Cumartesi, Ekim 06, 2007

Pisa

Hafta bir, gezi bir:)Hemen gezi olayina girdik. Günübirlik bir seyahat aslinda istedigimiz, ama yolumuz hiçte kisa degil.. http://maps.google.com (ki burada en yakin dostumuz olacaga benziyor:) yolumuzu 286 km, yani 2 saat 58 dakika olarak gösterdi. Bir son dakika plani olmasi dolayisiyla hemencecik araba kiralandi, TomTom esliginde yola çikildi. Hiç kaybolunmadan Pisa'ya varildi ve gerçekten çok begenildi. Pisa'da arabayi parkettikten sonra, direk Vaftizhane, Doumo ve Egik Kule'nin bulundugu Campo dei Miracoli'ye (yani Mucizeler Meydani) girdik. Isigin güzelligi ile meydanin albenisi iyice artti, etrafta dolasan kalabalik turist kafilelerini görmez oldum.
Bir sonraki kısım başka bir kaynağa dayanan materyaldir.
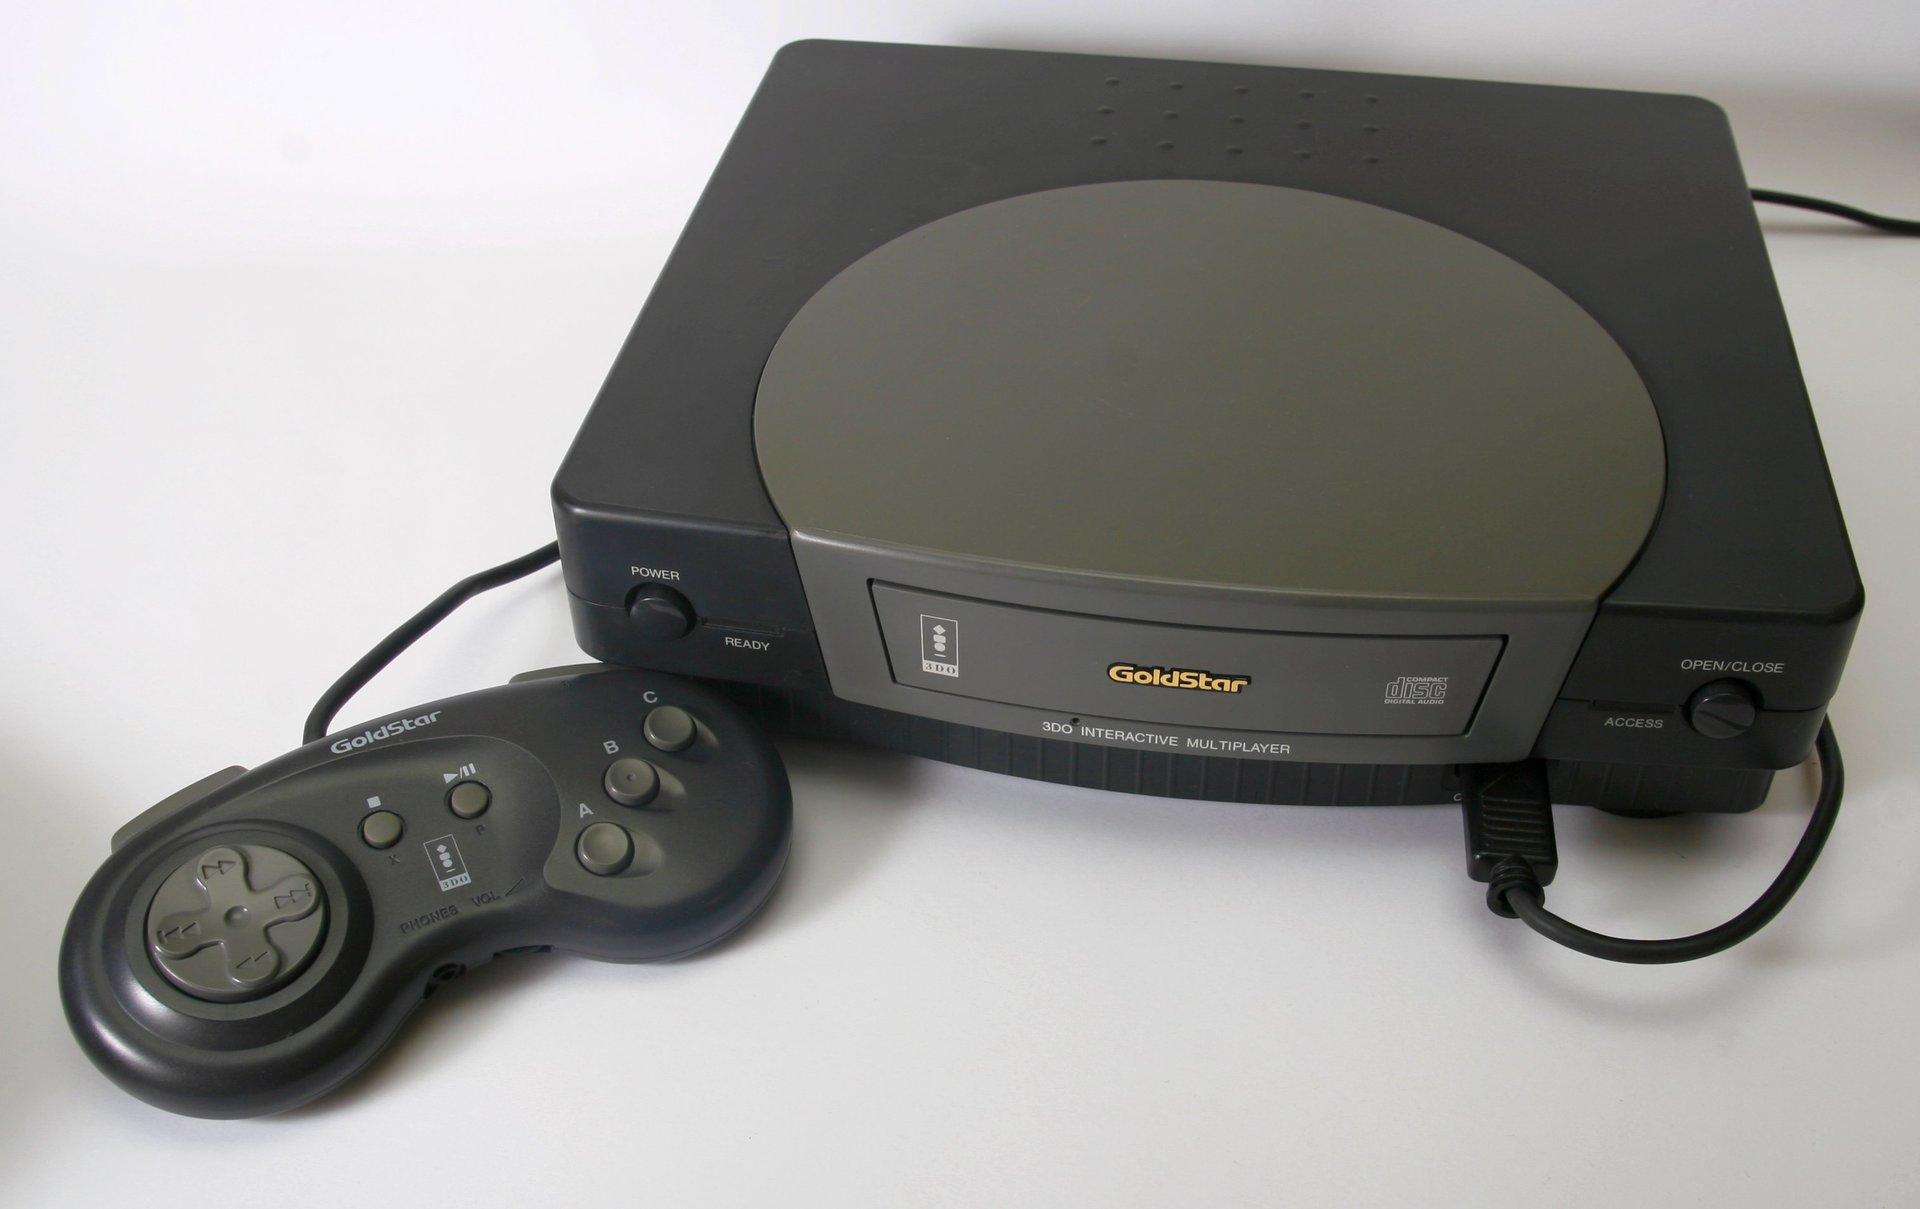 The 3DO Company и 3DO Interactive Multiplayer (Panasonic и не только) - 14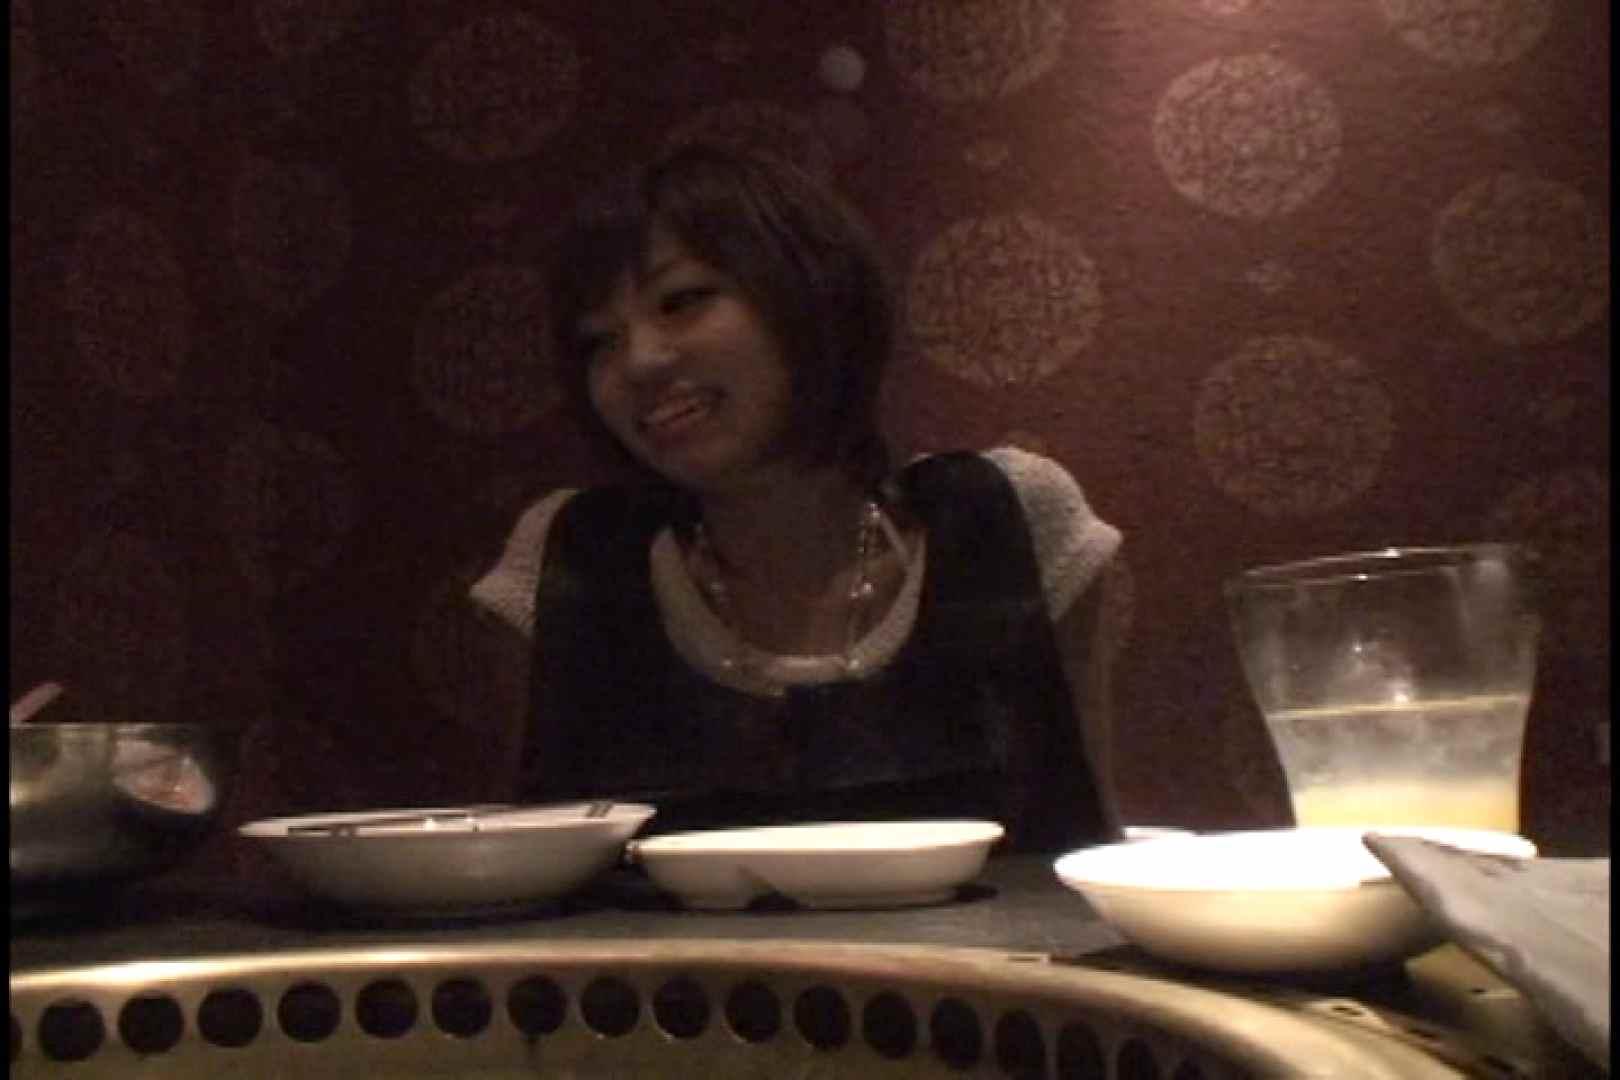 JDハンター全国ツアー vol.026 前編 女子大生のエロ生活  104連発 58

Egik Kule (Torre Pendente) Doumo'yu tamamlayacak bir çan kulesi olarak tasarlanmis ve 1173 yilinda yapilmaya baslanmis ama ancak 1350 yilinda tamamlanmis. Sellerle tasinmis alüvyonun üstüne yapilmasi dolayisiyla da, 1274 yilinda henüz üçüncü katin insaasi tamamlanmadan egilmeye baslamis. Teknolojik gelismelerle kulenin egimi azaltildiktan sonra, ancak 2001 yilinda kule halkin ziyaretlerine açilmis. Yürüyerek çikilan bu kuleye çikip, hem meydanin zevkini çikarmak, Pisa'yi tepeden görmek ve dogrusu kondisyonsuzsaniz vücudunuzu biraz zorlayip spor yapmak adina, kisitli sayida insanin kafileler halinde çikarildigi kuleye hemen gidip bilet almaniz gerekiyor, yoksa istediginiz saatte çikmaniz mümkün olmayabiliyor. Hatta bu durum bizim başımıza geldi. Kuleye artık çıkalım dediğimizde, yer bulamadık, ileri bir saate biletlerimizi aldık. Mehli'yle Pisa sokaklarına daldık. Arno nehri kenarında dolandık, Milano'da çok sık göremediğimiz dar sokakların tadını çıkardık. Biletimizi değiştirmek istedik, ileri saatlere de bilet kalmadığını gördük. Olay tam can sıkıcı bir hal alacakken, Avrupa seyahati yapan Meksikalı bir aileyle tanıştık, minik çocukları dolayısıyla hep beraber yukarı çıkamıyorlardı. Ufak bir değişiklikle problemlemi çözdük, çokta güzel oldu. Richard'la tanışmak günüme renk kattı gerçekten, o kadar tatlıydı ki. Kule dibindeki çimenlerde yuvarlandık, fotoğraflar çektik. En son olarakta kuleye çıktık. Hava kararmaya başladığı için, Pisa'nın tepeden görüntüsünü yeni yanmaya başlayan ışıkların ahengi ile çıkardık. Tabi bu arada, varlığından bir haber olduğum yükseklik korkum depreşti... Aşağı indiğimizde, hava kararmıştı bile. Pisa sokaklarında biraz daha dolanıp, yemek yedikten sonra, Milano yolunu tuttuk. İlk seyahatimiz oldukça verimli geçti:) tam tahmin ettiğim gibi, bunların ardı arkası kesilmez umarım.